After the News

by Hillary Brotherton

What you could not grasp by watching the news reports, was the smell. And now the stench of smoldering chemicals and metal has stayed with me so long: it burns my nose as I remember.

On the 28th floor of my office building in Times Square, my coworkers and I waited for the news. I had a special bottle of champagne that sat silently on the door of our division’s refrigerator, awaiting the breaking report. Several times a day, whenever I opened that door to get milk for my coffee, the bottle would rattle against the shelf and I would think that we would drink it someday soon, any day now, he would be captured. Under my desk were running shoes, a backpack filled with granola bars and bottles of water, and an envelope filled with hundred dollar bills. I rested my feet on the backpack while I worked. It reassured me.

Years passed. I left the office in Times Square and moved far away from the memories of danger. I forgot about falling buildings, terrorists and complex evacuation plans. Life moved on. And then yesterday the news finally came. I waited for the exhilaration, for a feeling of closure, for some sense of camaraderie with the college students celebrating on my television screen.

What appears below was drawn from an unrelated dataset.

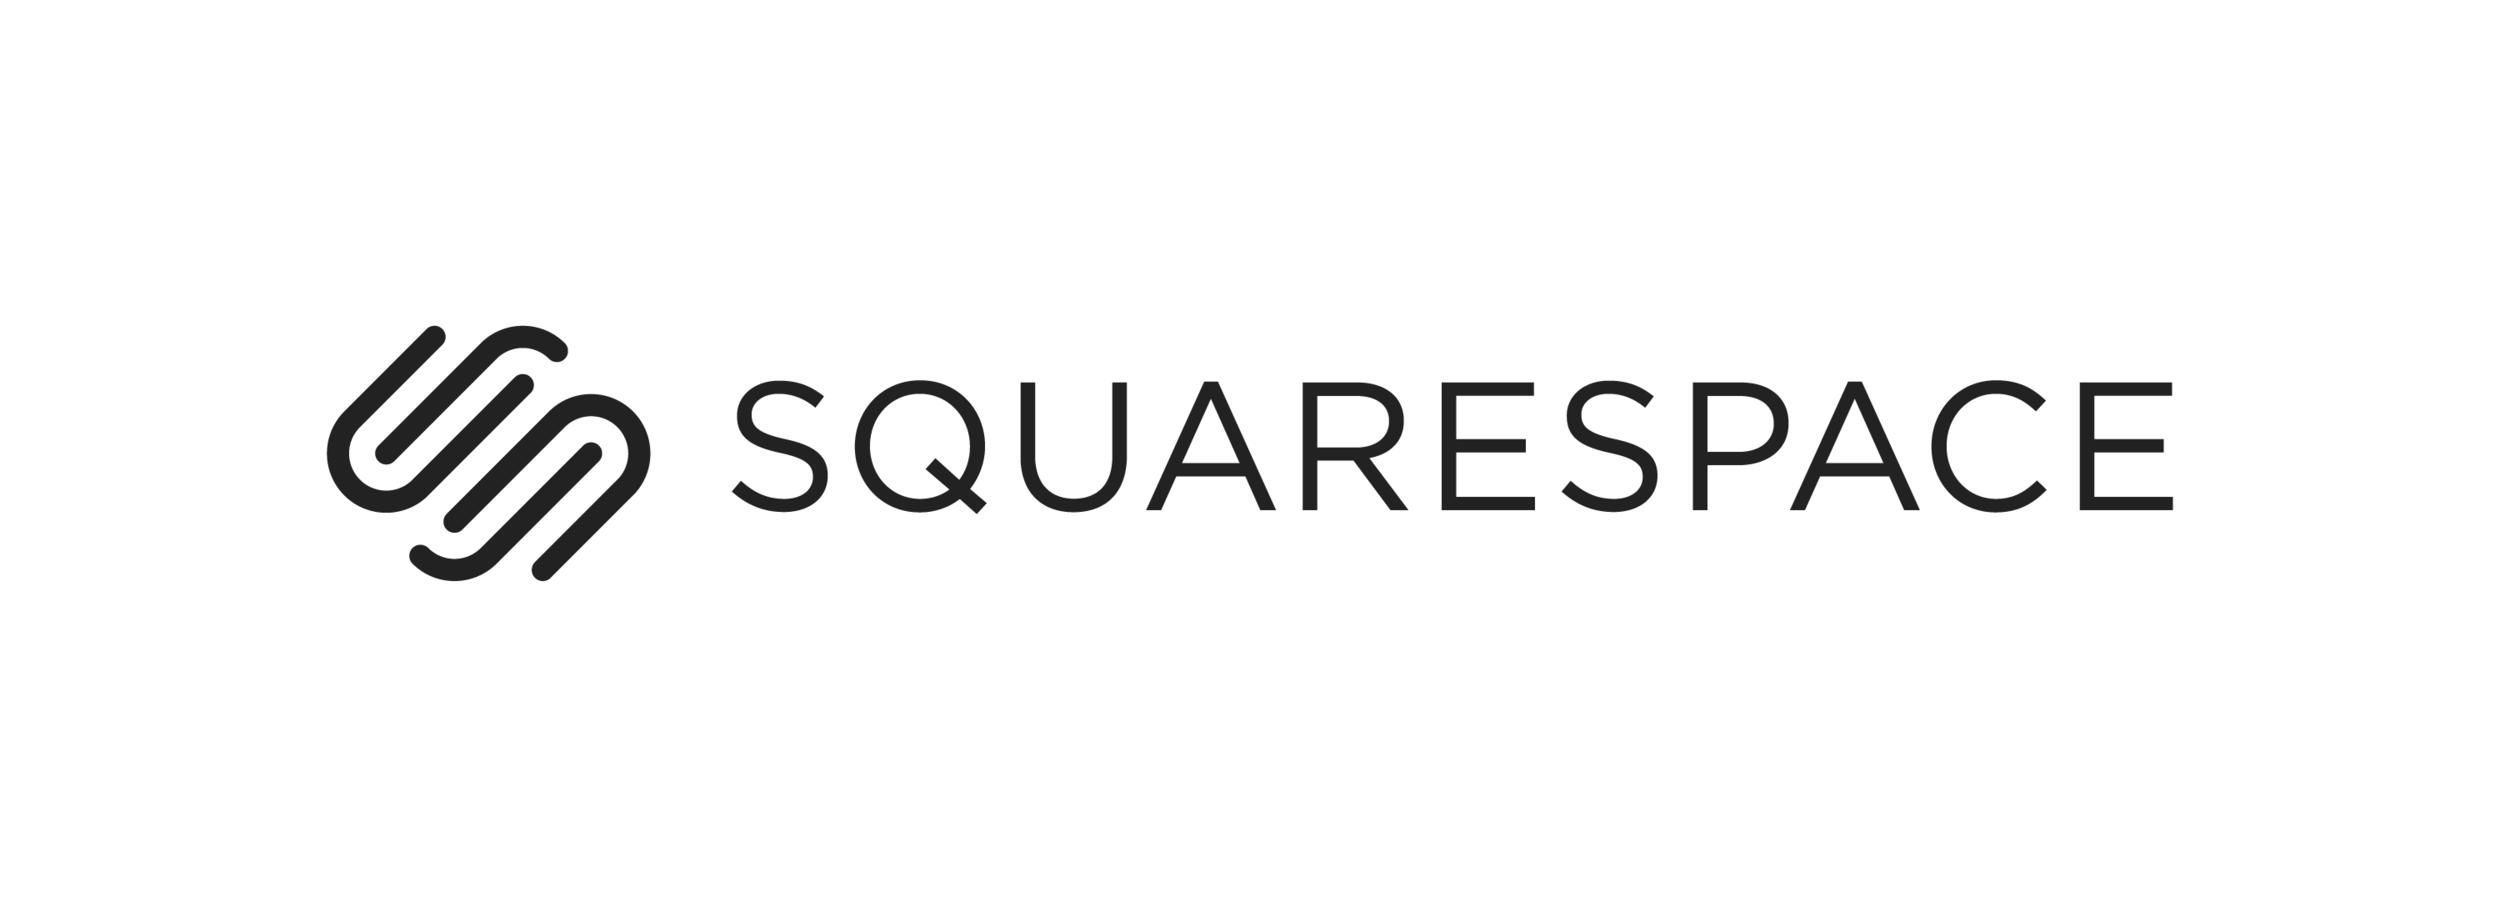 squarespace-sydney-sidecar-web-design.png
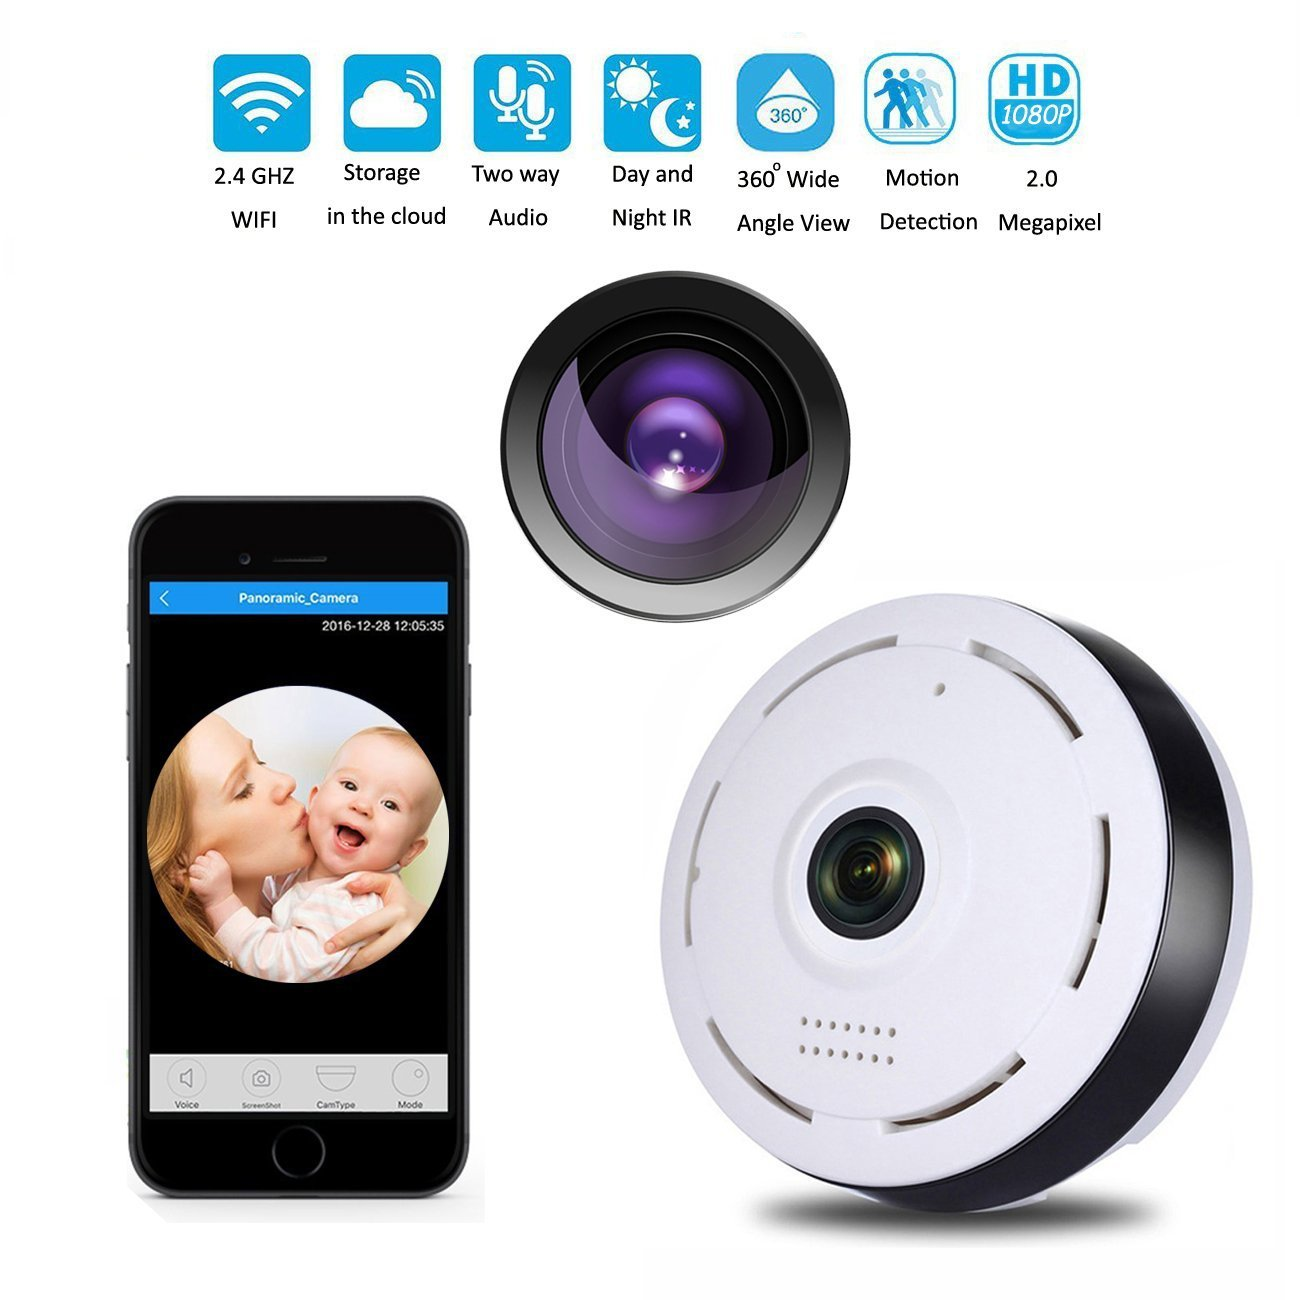 WiFi Wireless Panoramic Camera HD 360 Degree Night Vision Fisheye Security Camera white_AU plug

Instead the smell returned, filling my nostrils with its scorching burn. My feet remembered long-healed sores caused by a frantic run through Manhattan in stylish pumps. Stronger memories too, memos that fluttered innocently down my Brooklyn street, a coworker with just the beginnings of a pregnant belly, my roommate’s dramatic, investment-whiz lover, the sweet boy who sat next to me in my college finance class.

So I couldn’t even conjure up a smile. Instead I wrapped myself in my husband’s arms and had a good cry for my 25-year-old self. It was not the champagne toast that I wanted, but at last I knew this chapter had ended - even if the smell still lingers.

Is there a smell you associate with terror, with danger? Write the story of it.